Molly Magai:
Fractured Terrain
March 5 - April 4th, 2026Opening Reception: Saturday, March 14th, 5-7pm
studio e welcomes back Molly Magai with Fractured Terrain, an exhibition presenting oil paintings capturing transient glimpses of industrial zones, city streets, infrastructural systems, and the vegetation that perseveres within them. Among muted gray tones and overcast light, the industrial weight of her surroundings invites a brief pause. Drawing from fleeting moments she observes while moving through the city, Magai reimagines classical landscape painting by reshaping its visual language to reflect how we encounter the world today amid industrial, technological, and environmental change.
Magai grew up immersed in industrial landscapes, she originated in Cleveland, Ohio, later lived in New York City, and now residing in Seattle. Since moving to Seattle in 1992, she has observed the expanding scale and complexity of urban infrastructure over nearly three decades. Within these environments, Magai studies the tension between human-made systems and the natural world. Where a 19th-century painter might have encountered nature as divine abundance, Magai presents a shifting view of a landscape overtaken by concrete. In her painting, Riverside, trees and foliage sit tucked between warehouse lots, diesel trucks, and sprawling telephone poles.
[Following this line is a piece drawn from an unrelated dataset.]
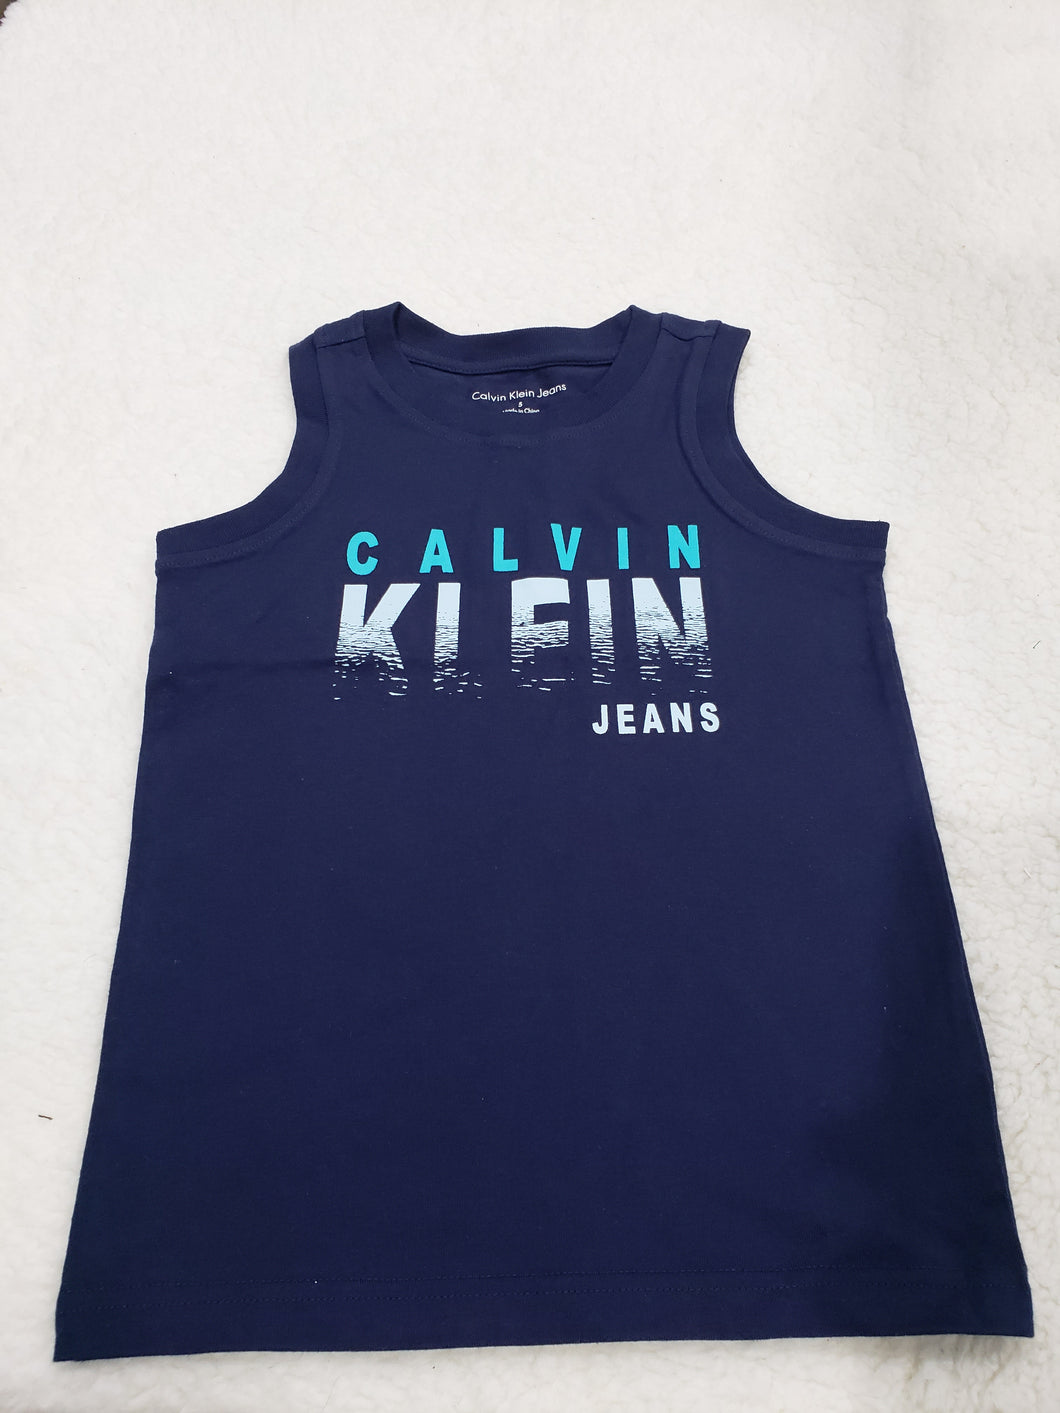 Calvin Klein boys sleeveless tshirt 5t navy

In this work, nature appears almost like a secondary subject, yet—despite the dominance of human presence—it carries a quiet sense of the miraculous, like a flower pushing up through a crack in the sidewalk. Within this uneasy coexistence, a veil of smog softens the horizon, rendering trees and buildings indistinguishable. Although diminished in these scenes, nature persists—adapting within the fractured terrain—and it is this persistence that Magai is fascinated with.
There's a quiet romanticism for these plants pushing through the industrial corridors, she sees them as survivors. In some cases, they appear only as a blur glimpsed while driving past, as in her painting Foliage Study, where soft, smeared brushstrokes suggest branches moving against a cloudy pale blue sky. She captures these temporal moments that are often overlooked, and gives them permanence through her craft, shaped with time and contemplations on an everchanging landscape. While such industrial scenes may not traditionally be considered beautiful, they are nonetheless an inescapable part of our current landscape and hold a subtle, enduring wonder.